San Francisco Chronicle
December 1, 2005

Plutonium could be missing from lab

600-plus pounds unaccounted for, activist group says

By Keay Davidson, Chronicle Science Writer

Enough plutonium to make dozens of nuclear bombs hasn't been accounted
for at the UC-run Los Alamos National Laboratory in New Mexico and may
be missing, an activist group says in a new report.

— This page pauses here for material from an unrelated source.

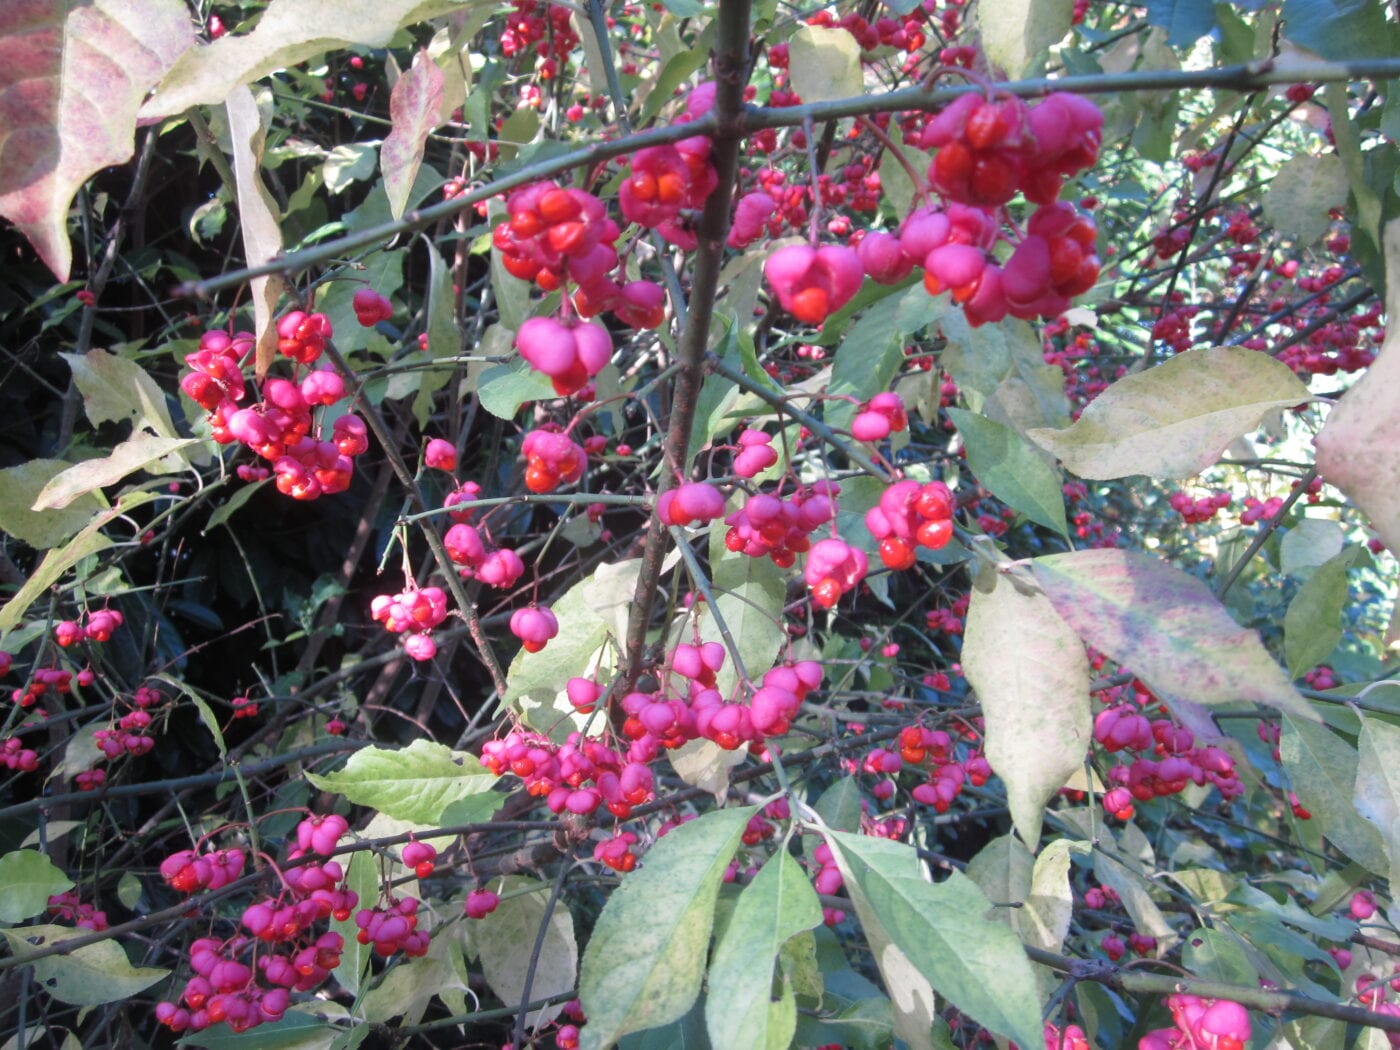 Spindle tree fruit in autumn

There is no evidence that the weapons-grade plutonium has been stolen
or diverted for illegal purposes, the Institute for Energy and
Environmental Research said. However, the amount of unaccounted-for
plutonium -- more than 600 pounds, and possibly several times that --
is so great that it raises "a vast security issue," the group said in
a report to be made public today.

The institute, which is based in Takoma Park, Md., says it compared
data from five publicly available reports and documents issued by the
U.S. Energy Department and Los Alamos from 1996 to 2004 and found
inconsistencies in them. It says the records aren't clear on what the
lab did with the plutonium, a byproduct of nuclear bomb research at
Los Alamos.

A spokesman for UC, which manages the national laboratories at Los
Alamos and Livermore for the Energy Department, did not address the
report's specifics but said the New Mexico lab tracks nuclear material
"to a minute quantity."

The report says there are several possible explanations for what
happened to the plutonium. They include:

-- It was discarded in unsafe amounts in landfills at the Los Alamos
lab. It is legal to discard weapons-grade plutonium in landfills, one
of which is 40 feet deep, as long as the substance is sufficiently
diluted. However, if a landfill holds too much plutonium, the material
can eventually contaminate the environment -- for example by leeching
into groundwater or being absorbed by the roots of plants -- study co-
author Arjun Makhijani said in an interview.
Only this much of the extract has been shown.